Due to the very high pKa-value of methanol of 15.5 (Friedrich, Sonnefeld, and Jansen, 1998), the equilibrium is on the side of the reaction products. Toxicological and ecotoxicological studies of methanol and sodium and potassium hydroxide are therefore relevant for these products as well.
The main toxicological characteristic is the corrosivity to skin and mucous membranes that warrants strict exposure controls. The corrosivity also determines the maximum tolerable dose in any animal experiment. The maximum applicable dose level of methanol derived from the methanolates will therefore be considerably lower in experiments with methanolates than in experiments with methanol itself.
In the environment, both effects through pH-changes by the hydroxides, and effects of methanol need to be considered.
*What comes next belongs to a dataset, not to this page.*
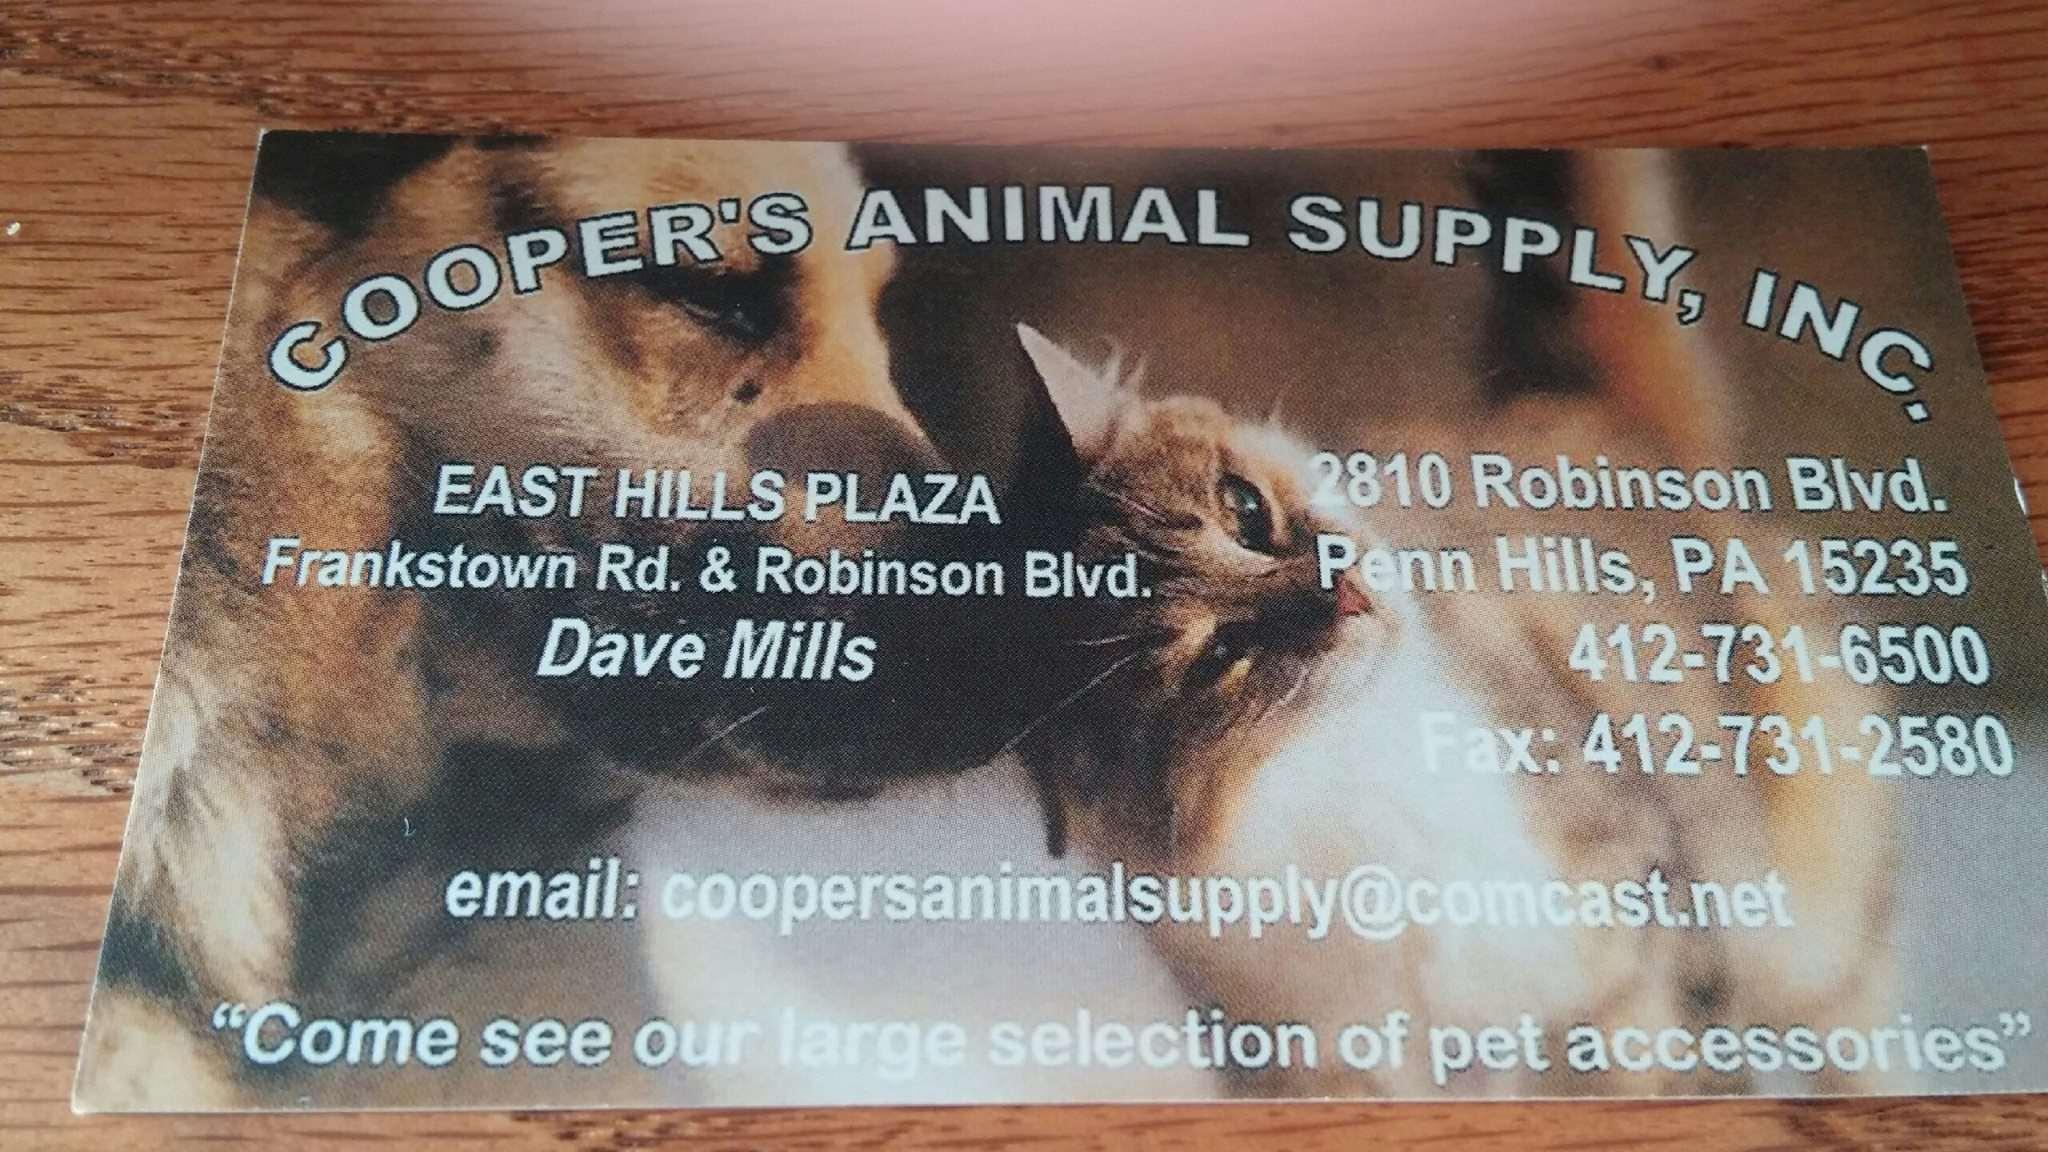 Cooper's Animal Supply, Inc.
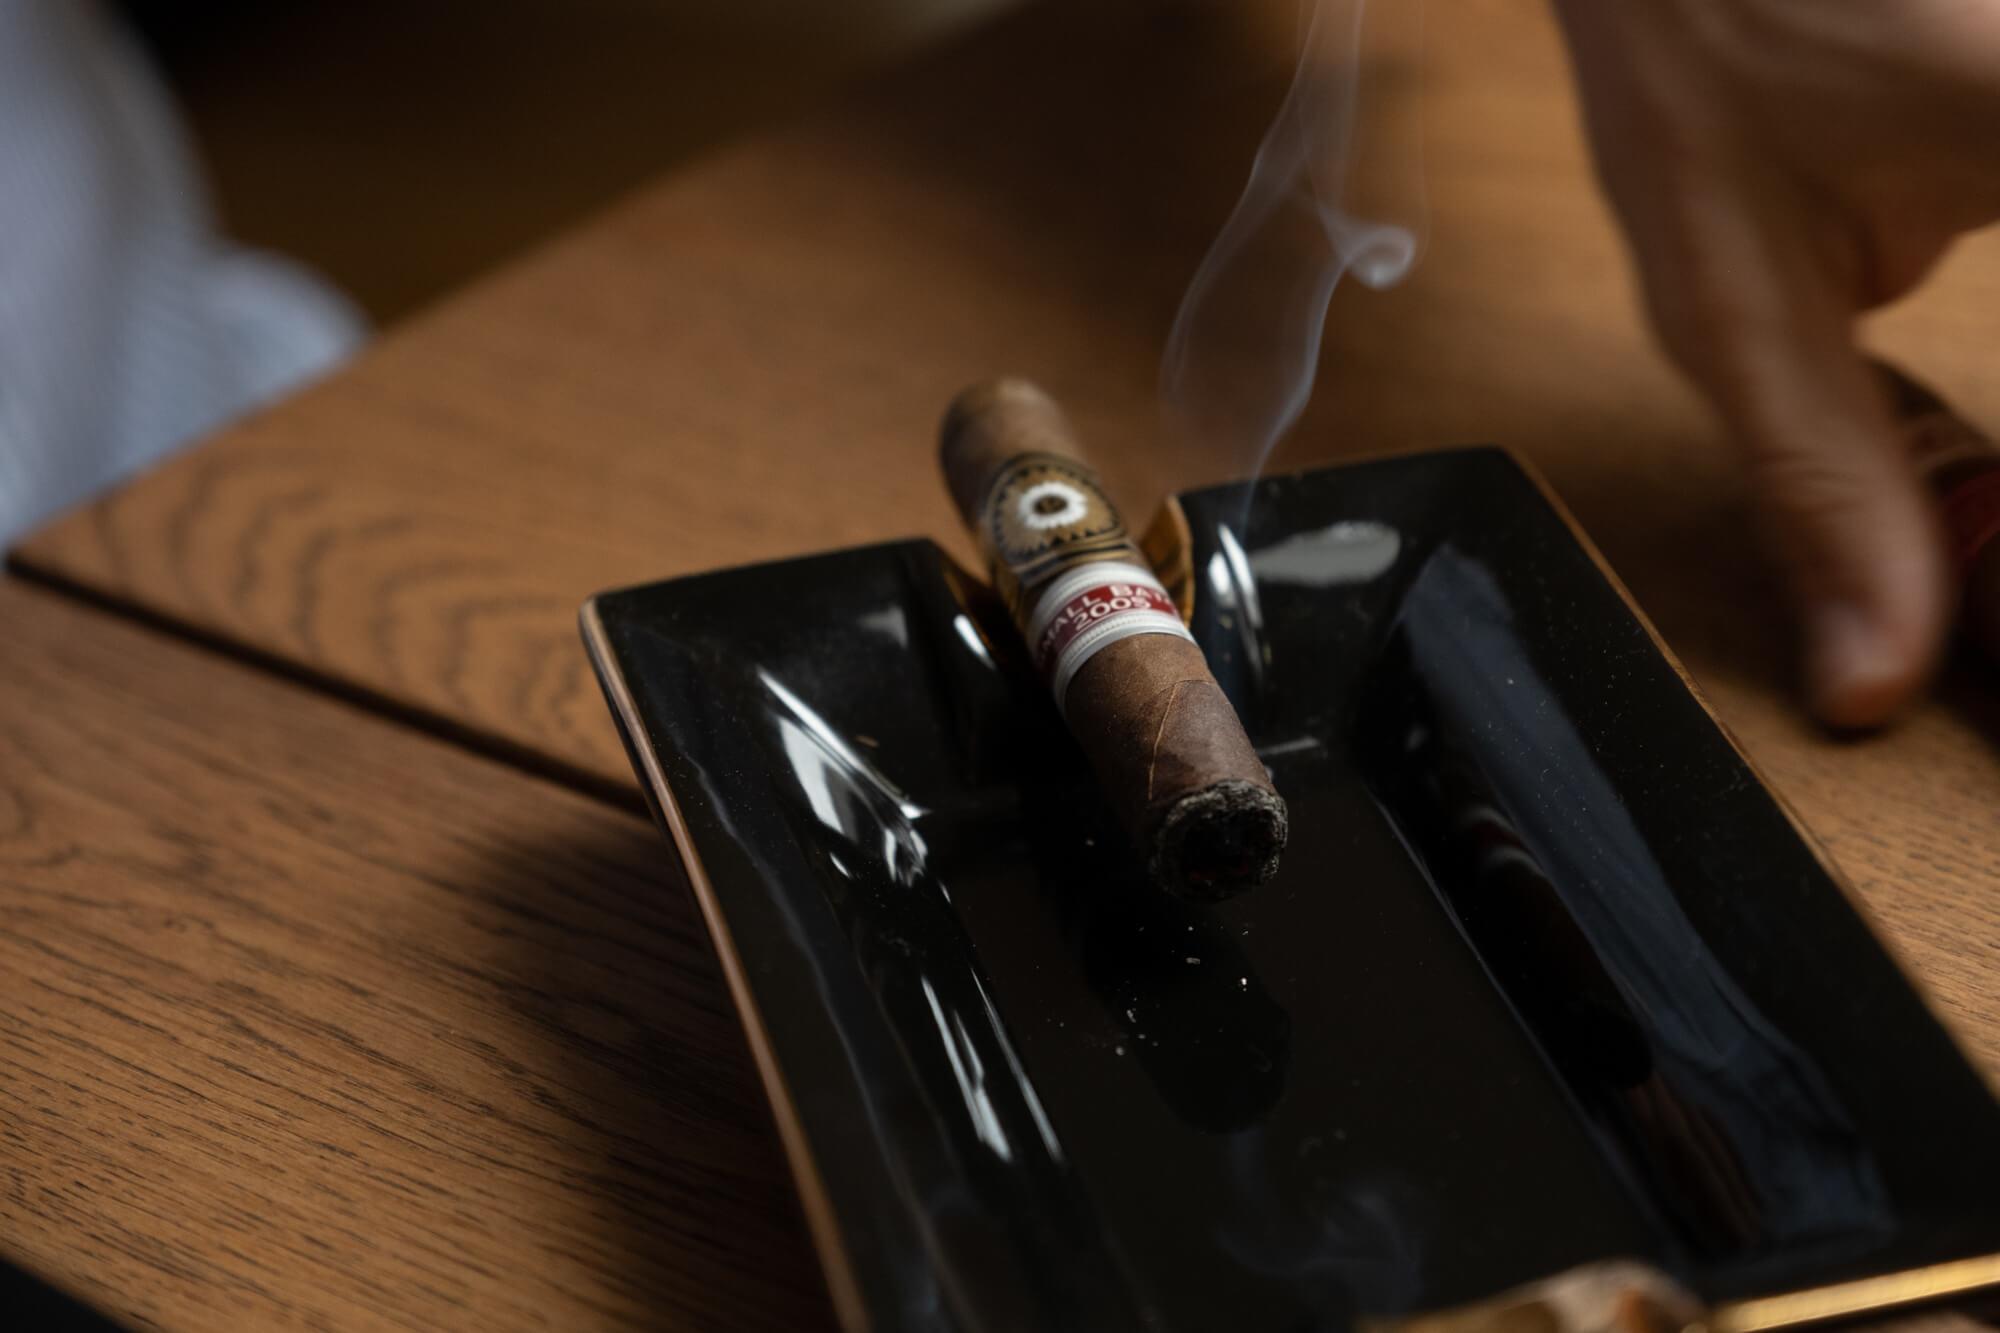 palące się cygaro

Methanol exhibits potential hazardous properties for human health (neurological effects, CNS depression, ocular effects, reproductive and developmental effects, and other organ toxicity). The effects of methanol on the CNS and retina in humans only occur at doses at which formate accumulates due to a rate-limiting conversion to carbon dioxide. In primates, formate accumulation was observed at methanol doses greater than 500 mg/kg bw (which would require a sodium methanolate dose of more than 840 mg/kg bw and a potassium methanolate dose of greater than 1000 mg/kg bw). Repeated exposure to such high dose levels, of methanolates, that are already in the acutely toxic range is highly unlikely due to their corrosive properties. The only exposure situation for sodium and potassium methanolate that could perhaps lead to methanol and formate blood levels resulting in acute neurophysiological and visual disturbances would be accidental dermal exposure to corrosive concentrations that could lead at the same time to an uptake of toxic amounts of methanol through the skin.